Op 13 december 2016 heeft de Rechtbank Overijssel uitspraak gedaan in een zaak betreffende een verzoek tot schuldsanering van een alleenstaande man, hierna te noemen [verzoeker]. Het verzoek werd ingediend op basis van een aanzienlijke schuldenlast van € 98.953,61, waaronder belastingschulden en boetes. De rechtbank heeft het verzoek afgewezen, omdat [verzoeker] niet aannemelijk heeft gemaakt dat hij te goeder trouw heeft gehandeld ten aanzien van het ontstaan en onbetaald laten van zijn schulden in de vijf jaar voorafgaand aan de indiening van het verzoekschrift. [verzoeker] heeft verklaard dat hij de boekhouding van zijn onderneming en privé aan zijn ex-partner [A] heeft overgelaten, zonder deze te controleren. Dit heeft geleid tot een forse schuldenlast die onbetaald is gelaten.

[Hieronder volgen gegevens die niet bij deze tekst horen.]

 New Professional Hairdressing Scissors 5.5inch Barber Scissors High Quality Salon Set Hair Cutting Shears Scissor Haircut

De rechtbank oordeelde dat [verzoeker] als ondernemer verantwoordelijk is voor het voeren van een correcte administratie en het tijdig indienen van belastingaangiften. Het uit handen geven van de boekhouding aan [A] ontsloeg hem niet van deze verantwoordelijkheden. Bovendien heeft [verzoeker] zich, nadat hij op de hoogte was geraakt van zijn schulden, niet verdiept in de aard en het ontstaan ervan. De rechtbank concludeerde dat de schulden aan het CJIB niet te goeder trouw zijn ontstaan en dat [verzoeker] niet heeft aangetoond dat zijn psychische problemen een rol hebben gespeeld bij het ontstaan van de schulden.

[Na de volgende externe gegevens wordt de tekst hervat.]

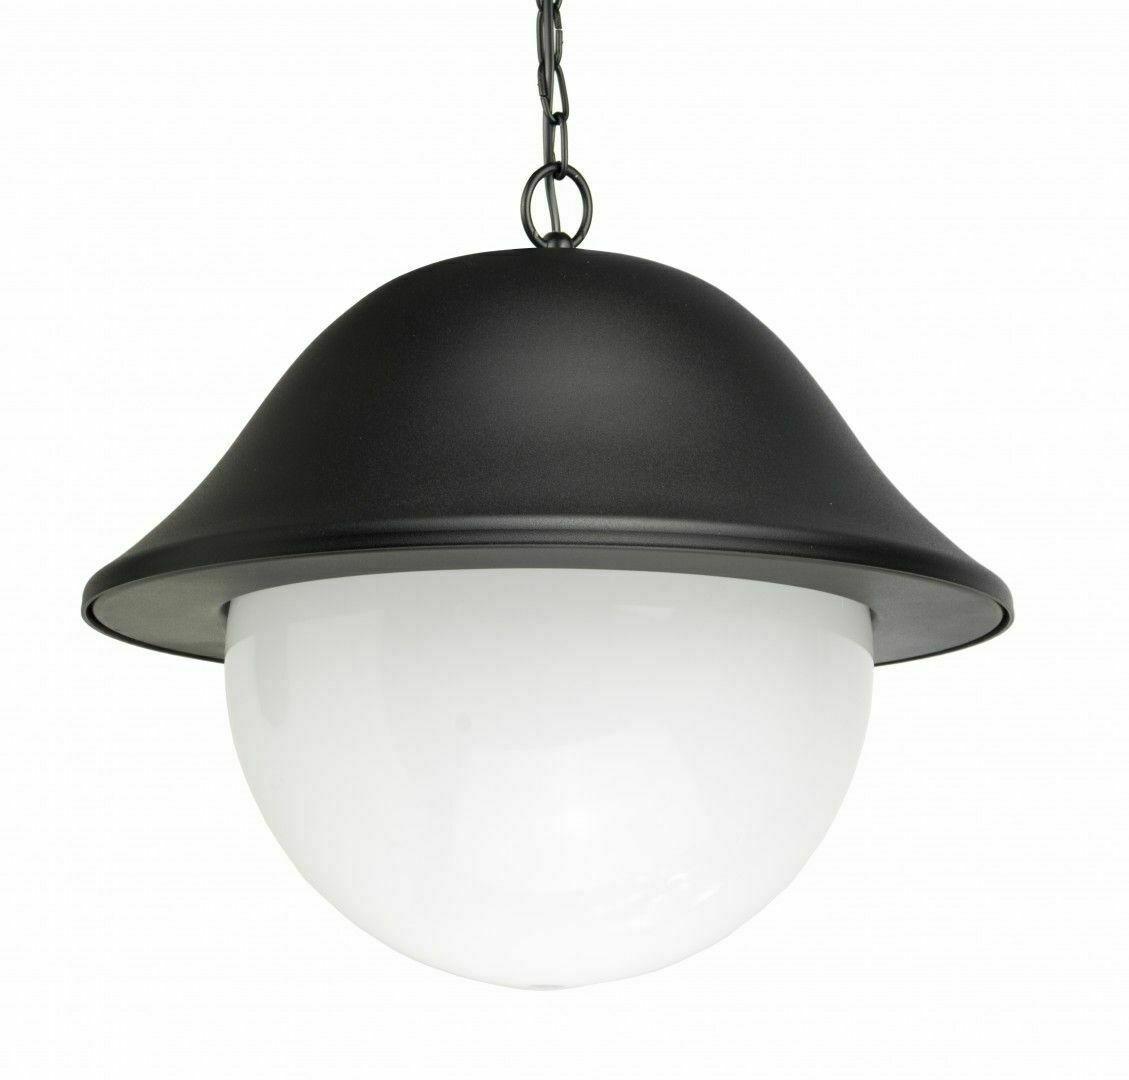 Prince Max K 1018/1 / O-BD hanging lamp

De rechtbank heeft uiteindelijk geoordeeld dat het verzoek tot schuldsanering moet worden afgewezen, omdat [verzoeker] niet heeft voldaan aan de vereisten van goede trouw en het voeren van een deugdelijke administratie. De beslissing werd genomen door mr. J.M. Marsman, lid van de enkelvoudige kamer, en uitgesproken ter openbare terechtzitting.